February 17, 2023/CSL Research
President Muhammadu Buhari in a nationwide broadcast on Thursday, approved the release of the old N200 note back into circulation for the next 60 days from February 10, 2023 to April 10 2023 when the old N200 notes will cease to be legal tender. The President also approved that all existing old N1000 and N500 notes remain redeemable at the CBN and designated points, in line with Section 20(3) of the CBN Act 2007. He assured Nigerians that his administration will ensure the CBN makes new notes become more available and accessible to citizens through the banks. The President’s broadcast follows fatal violent attacks on banks and bankers across major cities in Nigeria.
Violent protests erupted in some areas ofNigeria over the scarcity of the new Naira notes and the rejection of the old notes by merchants and traders. On Wednesday, protesters destroyed Automated Teller Machines (ATM) and bank branches in three cities. Several people were reported dead. Currently, banks in the country have limited access to cash and ATM withdrawals due to the scarcity of new notes. Some businesses have been refusing to accept the old notes causing huge queues at cash points and disrupting businesses.

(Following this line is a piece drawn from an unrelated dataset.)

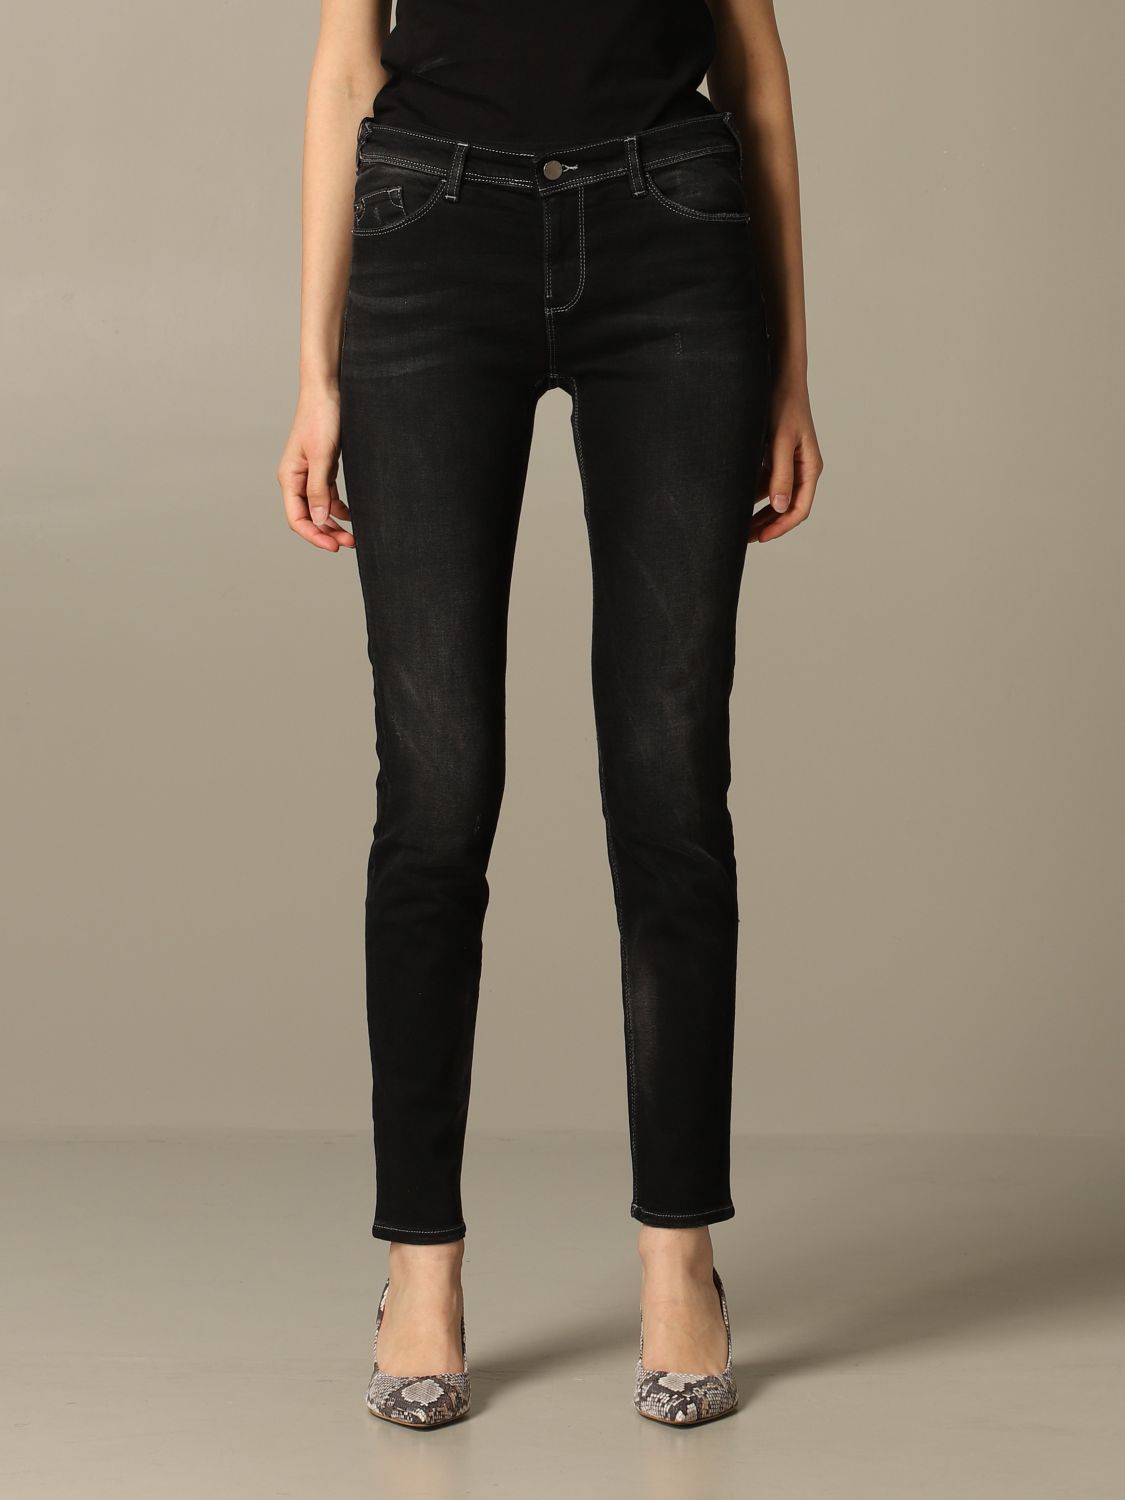 armani jeans for women's

This has not only led to frustrations but also threatens the successful conduct of the forthcoming elections.
The Central Bank of Nigeria (CBN) had extended the deadline for swapping old Naira notes with the redesigned notes to 10 February 2023. The 10-day extension of the deadline from 31 January 2023 to 10 February 2023 was to allow for the collection of more old notes legitimately held by Nigerians and achieve more success with the cash swap in rural communities after which all old notes outside the CBN lose their legal tender status. The CBN Governor, Godwin Emefiele, stated that about 75% of the N2.7tn held outside the banking system has been recovered. That said, the scarcity of the redesigned notes has brought hardship on many Nigerians and has also heightened tensions in the country as we have witnessed long queues in banks.
We reiterate that the objectives of reducing the significant amount of cash outside the banking system to ensure monetary policy effectiveness, curtail criminal activities and promote financial inclusion amongst others are strongly desirable. We however believe the timing and implementation process are flawed particularly with regards to the availability of the new notes. As things stand, Nigerians pay as much as 25% of desired cash at PoS terminals to get money, as ATM machines only dispense minimal cash and have very long queues. Also, the electronic banking channels have had increased transaction failures particularly at the PoS terminals.